I thought this was one of the most direct answers I received - and it makes a good bit of sense. If all you are talking about it 'same old, same old' Layer-2 and Layer-3 networks, how interesting is that? Many virtualization and server and storage groups within IT will assert that 'we know that stuff' so there is no reason to give the network team any airtime or to pay attention to them, but introduce 'fabric' and at least we think we have something new to discuss.
See, the general premise of 'fabric', depending which vendor-specific variant of the term you give credence to, comes from one of two schools of thought:
Fabric was derived from the use of a switched fabric architecture to connect multiple linecards together in a modular chassis so that each had the ability to talk to any other linecard, at any time.

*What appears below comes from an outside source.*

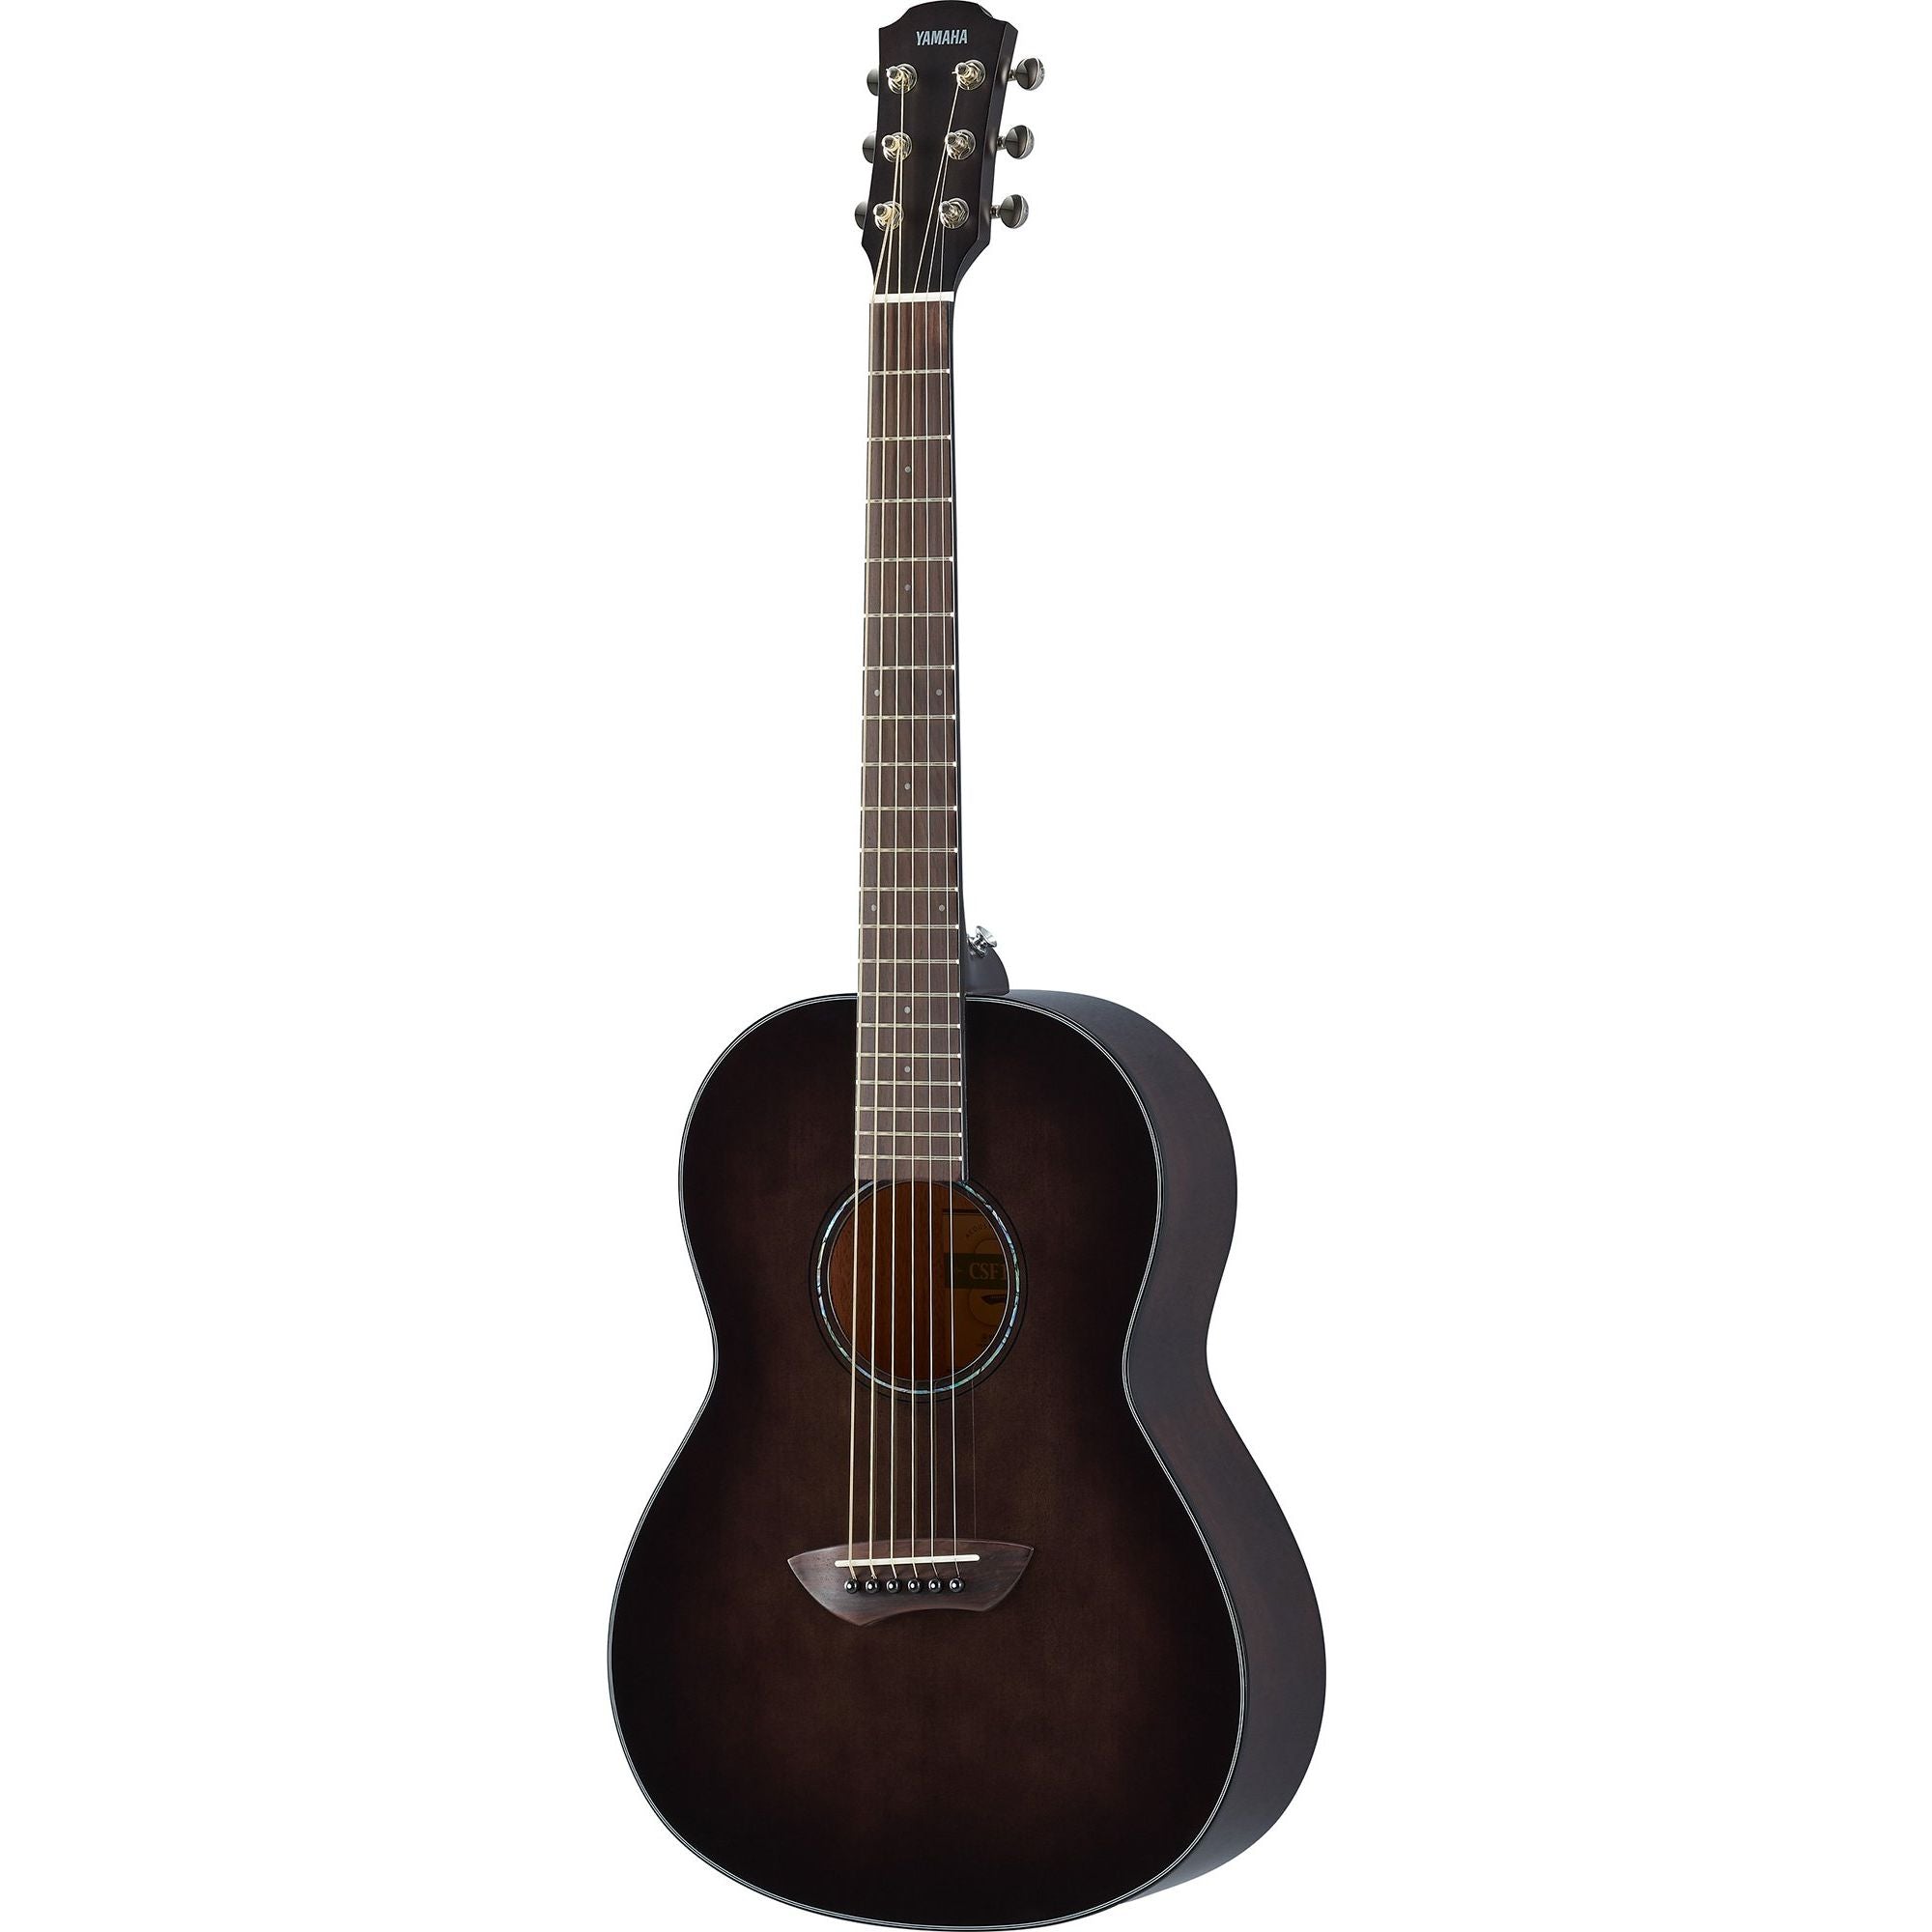 Yamaha CSF1M Modern Parlor Acoustic Guitar, Translucent Black

To accomplish this fabrics were often either arbitrated on ingress (such as a virtual output queue system with fabric arbitration) or the fabric was overclocked: meaning the speed the switch fabric could ingest data and forward it was faster than the expectation the linecard had of putting data on the fabric and taking it off. Thus any point in time congestion could be handled by a small but reasonable amount of buffering.
Fabric was derived from the storage area networks (SAN) built out, starting in the late 90s, where the intent was to have a large number of hosts (initiators) connecting to a well-defined number of storage systems (targets). The traffic patterns were well understood and almost always from initiator to target and back. These fabrics were designed to be lossless by implementing a credit-based fabric arbitration mechanism that guaranteed the SAN would not drop traffic under congestion: this was highly necessary because the SCSI protocol was not very tolerant of loss.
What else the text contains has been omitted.